Interestingly, a new token we didn’t account for, an Emoji symbol (in this case, the Irish Shamrock).

If we have a look at the most common hashtags, we need to consider that #rbs6nations will be by far the most common token (that’s our search term for downloading the tweets), so we can exclude it from the list. This leave us with:

[('#engvfra', 1701), ('#itavwal', 927), ('#rugby', 880), ('#scovire', 692), ('#ireland', 686), ('#angfra', 554), ('#xvdefrance', 508), ('#crunch', 500), ('#wales', 446), ('#england', 406)]

We can observe that the most common hashtags, a part from #rugby, are related to the individual matches. In particular England v France has received the highest number of mentions, probably being the last match of the day with a dramatic finale. Something interesting to notice is that a fair amount of tweets also contained terms in French: the count for #angfra should in fact be added to #engvfra. Those unfamiliar with rugby probably wouldn’t recognise that also #crunch should be included with #EngvFra match, as Le Crunch is the traditional name for this event. So by far, the last match has received a lot of attention.

Term co-occurrences

Sometimes we are interested in the terms that occur together. This is mainly because the context gives us a better insight about the meaning of a term, supporting applications such as word disambiguation or semantic similarity. We discussed the option of using bigrams in the previous article, but we want to extend the context of a term to the whole tweet.

We can refactor the code from the previous article in order to capture the co-occurrences. We build a co-occurrence matrix com such that com[x][y] contains the number of times the term x has been seen in the same tweet as the term y:

from collections import defaultdict
# remember to include the other import from the previous post

com = defaultdict(lambda : defaultdict(int))

# f is the file pointer to the JSON data set
for line in f: 
    tweet = json.loads(line)
    terms_only = [term for term in preprocess(tweet['text']) 
                  if term not in stop 
                  and not term.startswith(('#', '@'))]

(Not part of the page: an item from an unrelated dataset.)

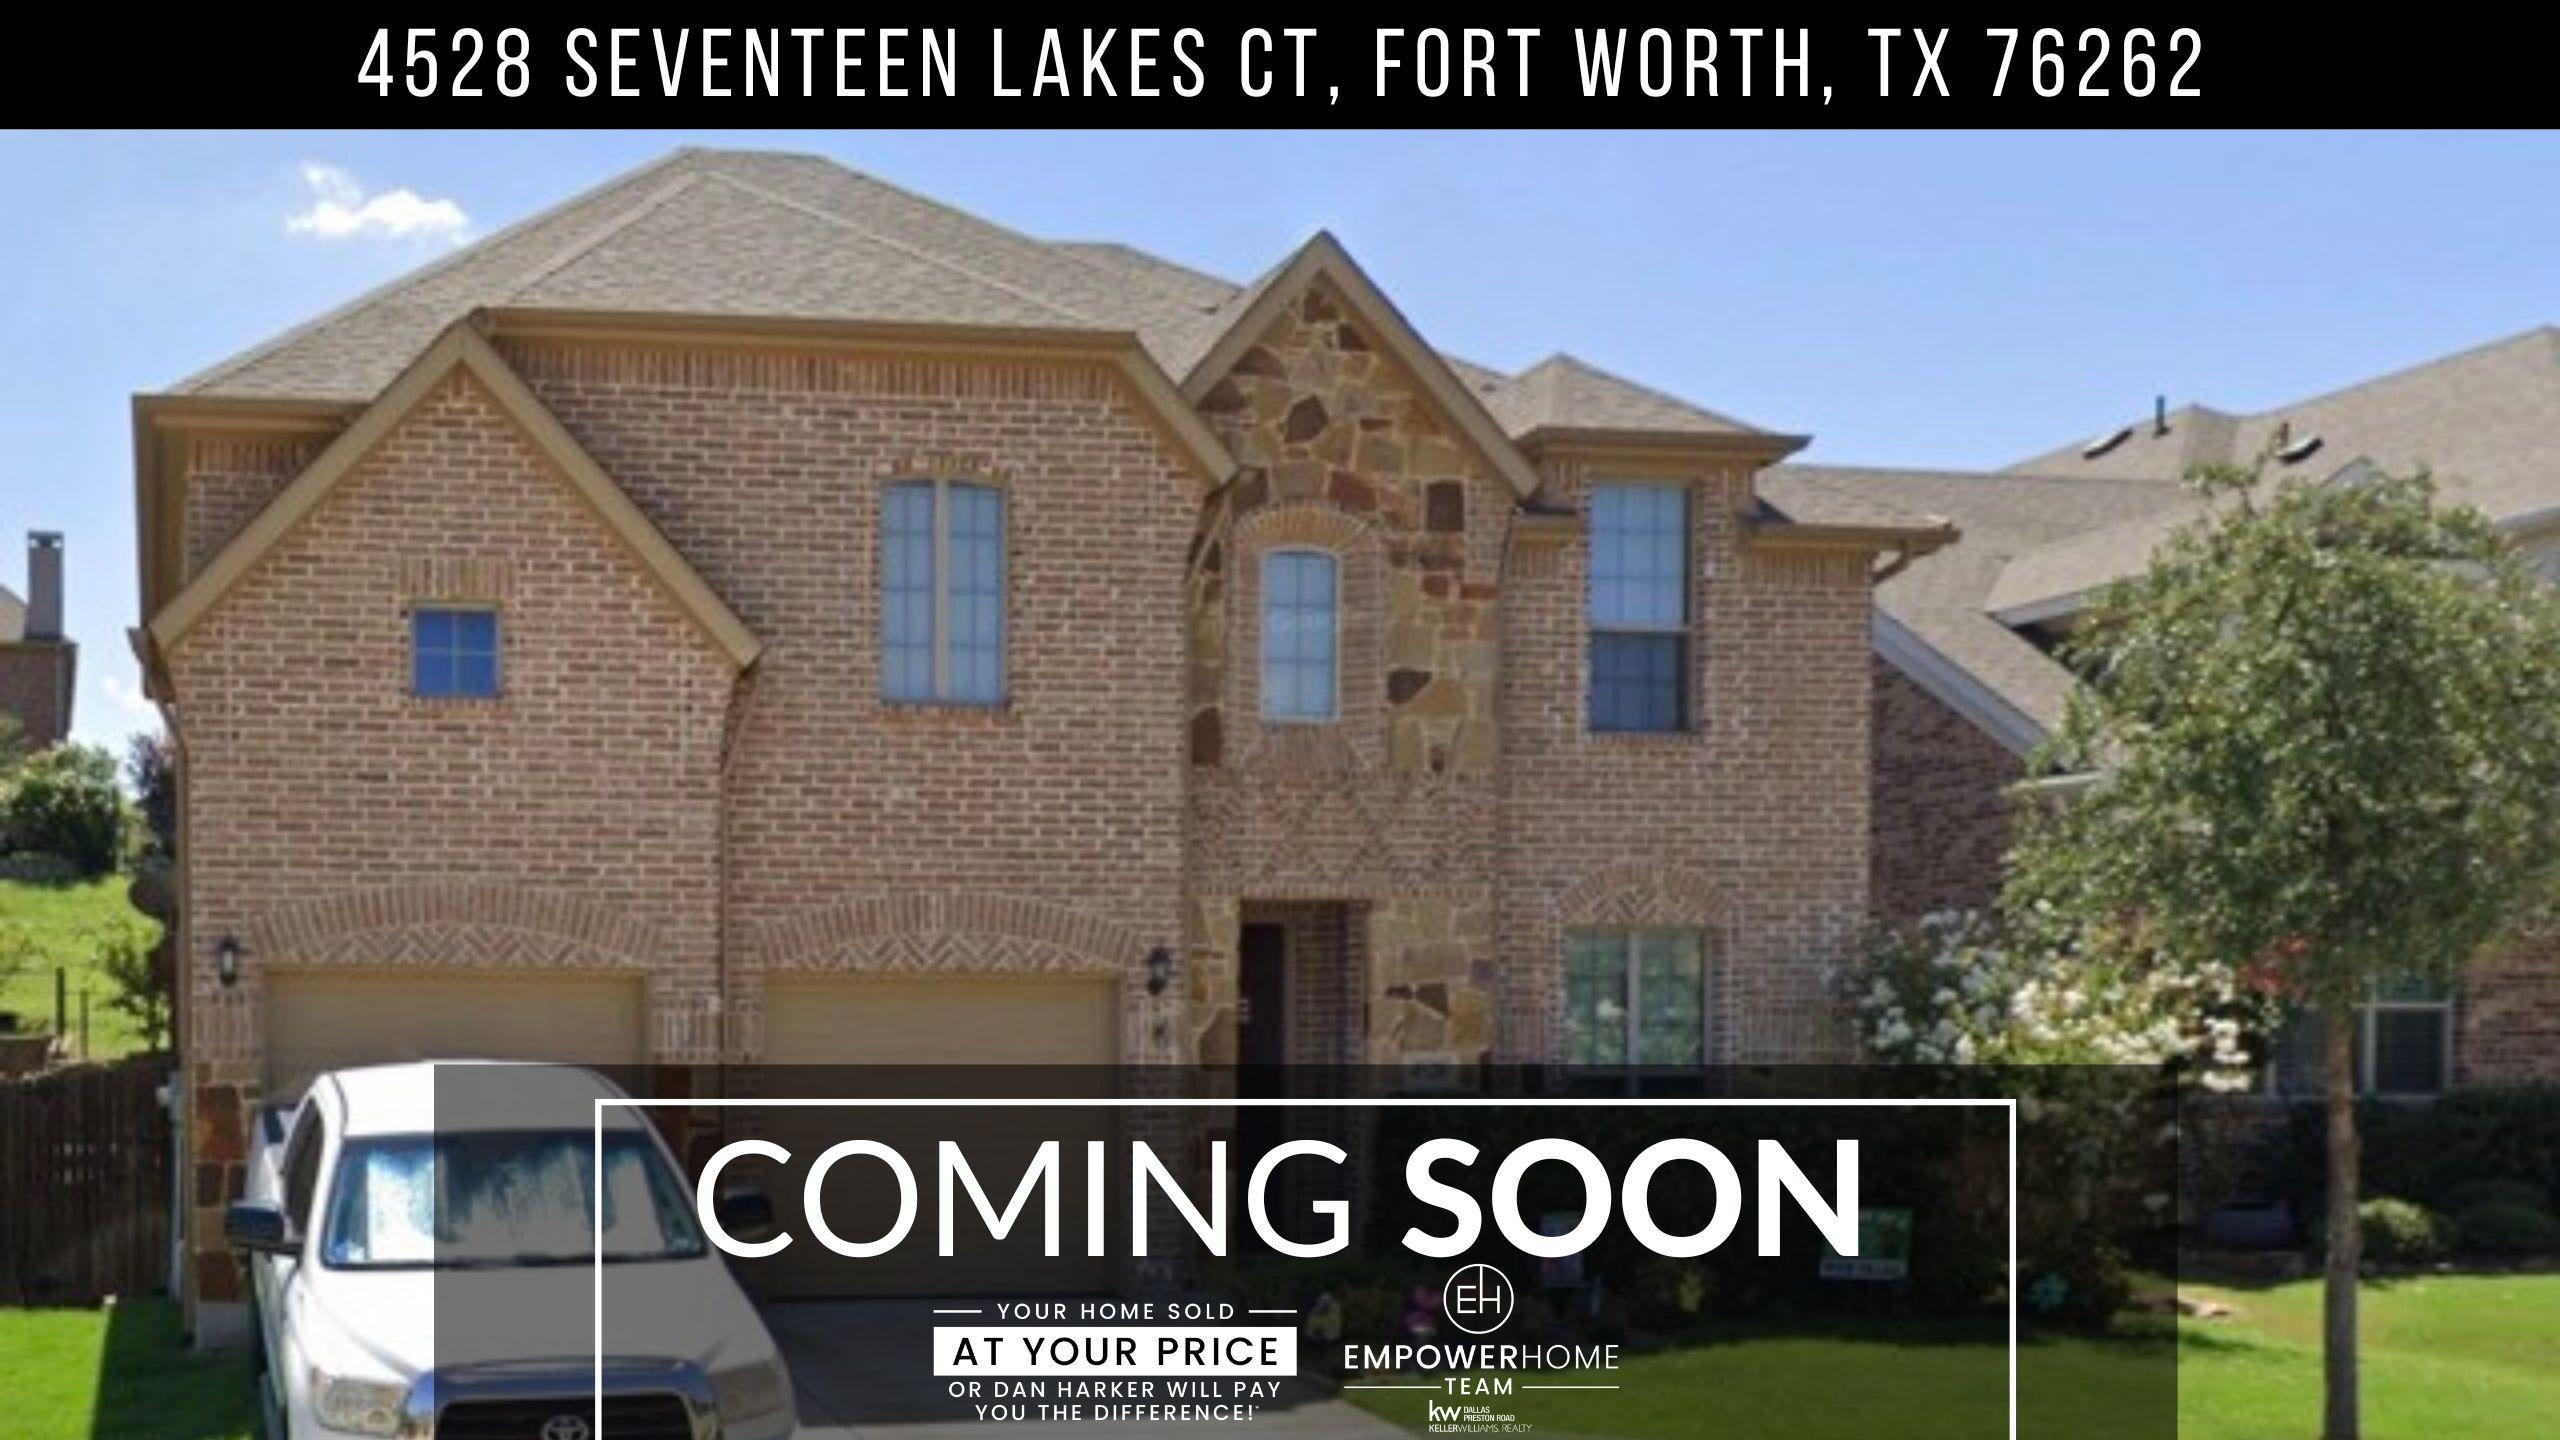 4528 Seventeen Lakes Ct, Fort Worth, TX 76262

    # Build co-occurrence matrix
    for i in range(len(terms_only)-1):            
        for j in range(i+1, len(terms_only)):
            w1, w2 = sorted([terms_only[i], terms_only[j]])                
            if w1 != w2:
                com[w1][w2] += 1

While building the co-occurrence matrix, we don’t want to count the same term pair twice, e.g. com[A][B] == com[B][A], so the inner for loop starts from i+1 in order to build a triangular matrix, while sorted will preserve the alphabetical order of the terms.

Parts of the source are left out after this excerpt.